The consensus, albeit based on evidence from collected experiences, states that pancreatic duct decompression via lateral pancreatojejunostomy (a Puestow-type operation) can be accomplished with low associated morbidity and mortality and that pain relief will be achieved in the majority of patients. For most experienced pancreatic surgeons, it is the preferred surgical treatment option in patients whose main pancreatic duct measures 6 mm or more because of its simplicity, safety, and benefits, including the advantage that remaining pancreatic tissue and function are at least not compromised further by loss from resection.
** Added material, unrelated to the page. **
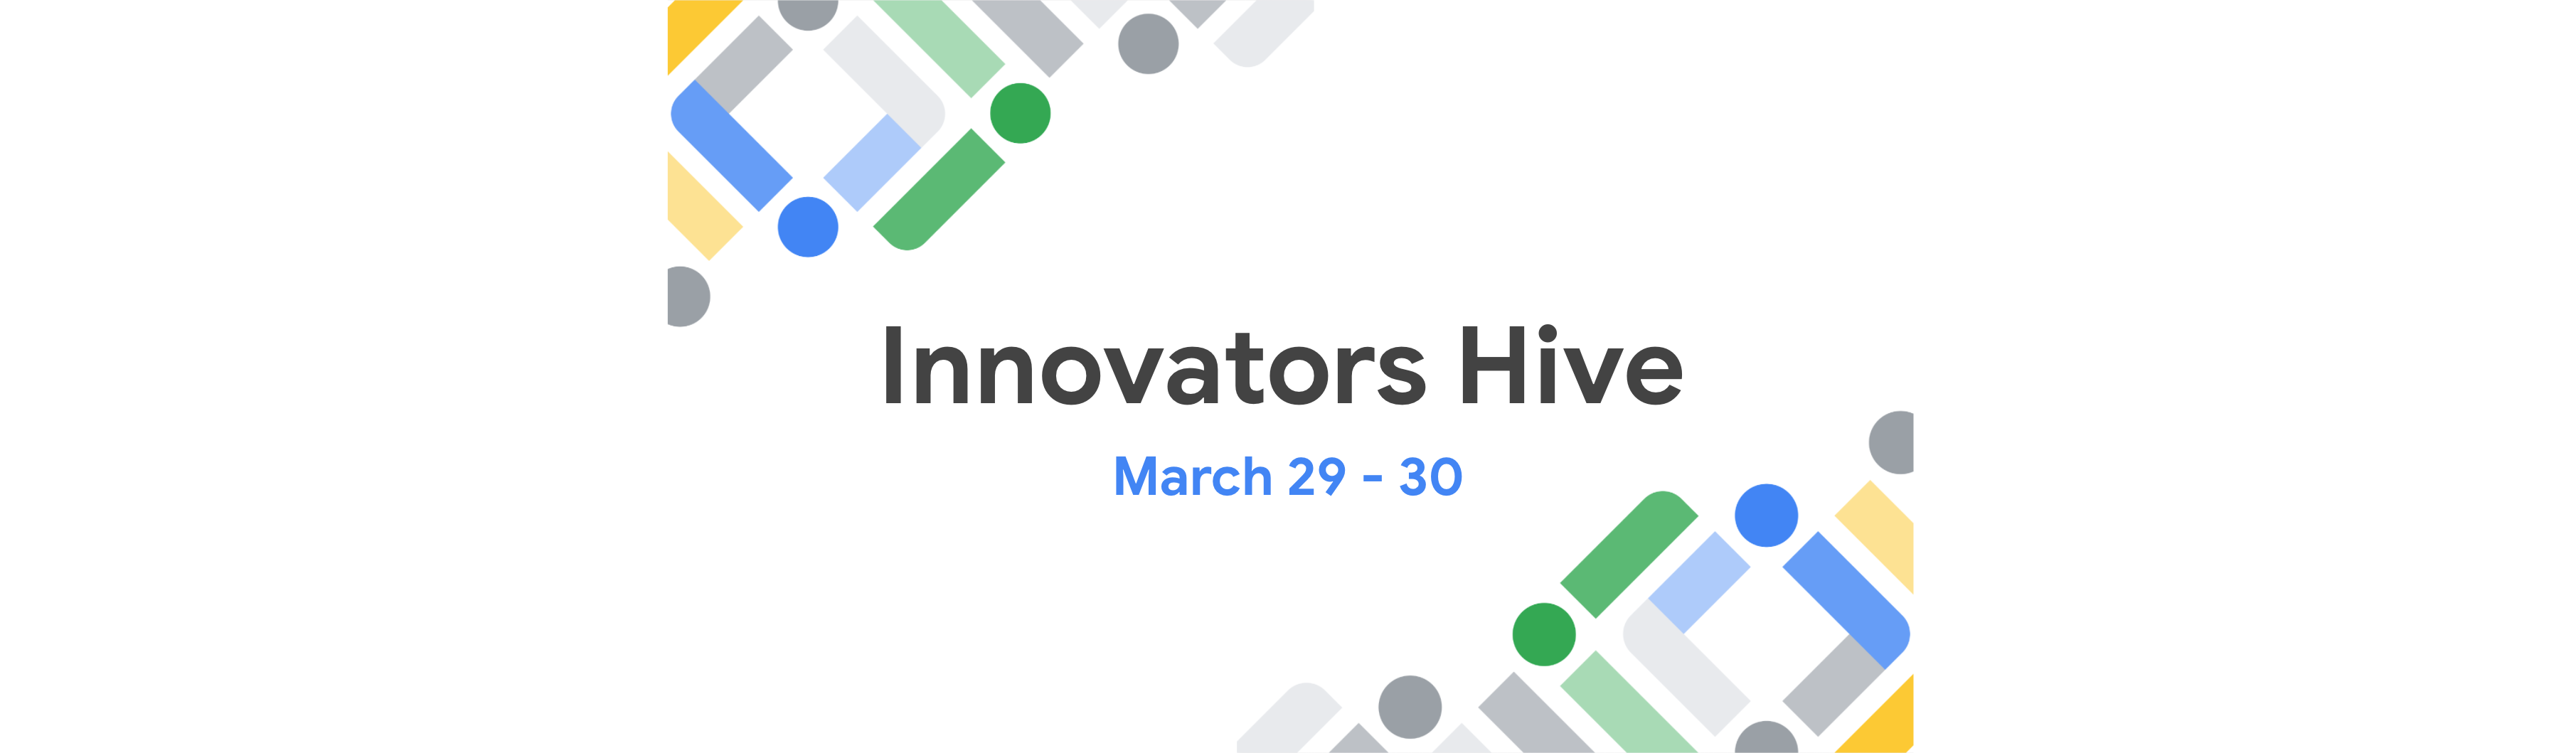 innovators-hive-event-image.png

Drainage of pancreatic pseudocysts provides another form of pancreatic decompression in conjunction and even in continuity with a lateral pancreatojejunostomy when the main duct is also dilated. Up to 39% of patients undergoing lateral pancreaticojejunostomy have evidence of pseudocysts disease at the time of surgery[82]. Pseudocysts are found in about 25% of patients with chronic pancreatitis and have a much lower rate of spontaneous resolution than those that are a consequence of an attack of acute pancreatitis[8284]. They can be the source of pain indistinguishable from that of the underlying chronic pancreatitis. In one study, surgical drainage resulted in complete short-term pain relief in 96% of 55 patients, and 53% remained pain free after a median follow-up of 11 years[84]. Endoscopic drainage of pseudocysts into the stomach or duodenum may be an alternative, especially in patients who do not have associated duct dilation. Studies directly comparing surgical with endoscopic drainage of pseudocyst are lacking.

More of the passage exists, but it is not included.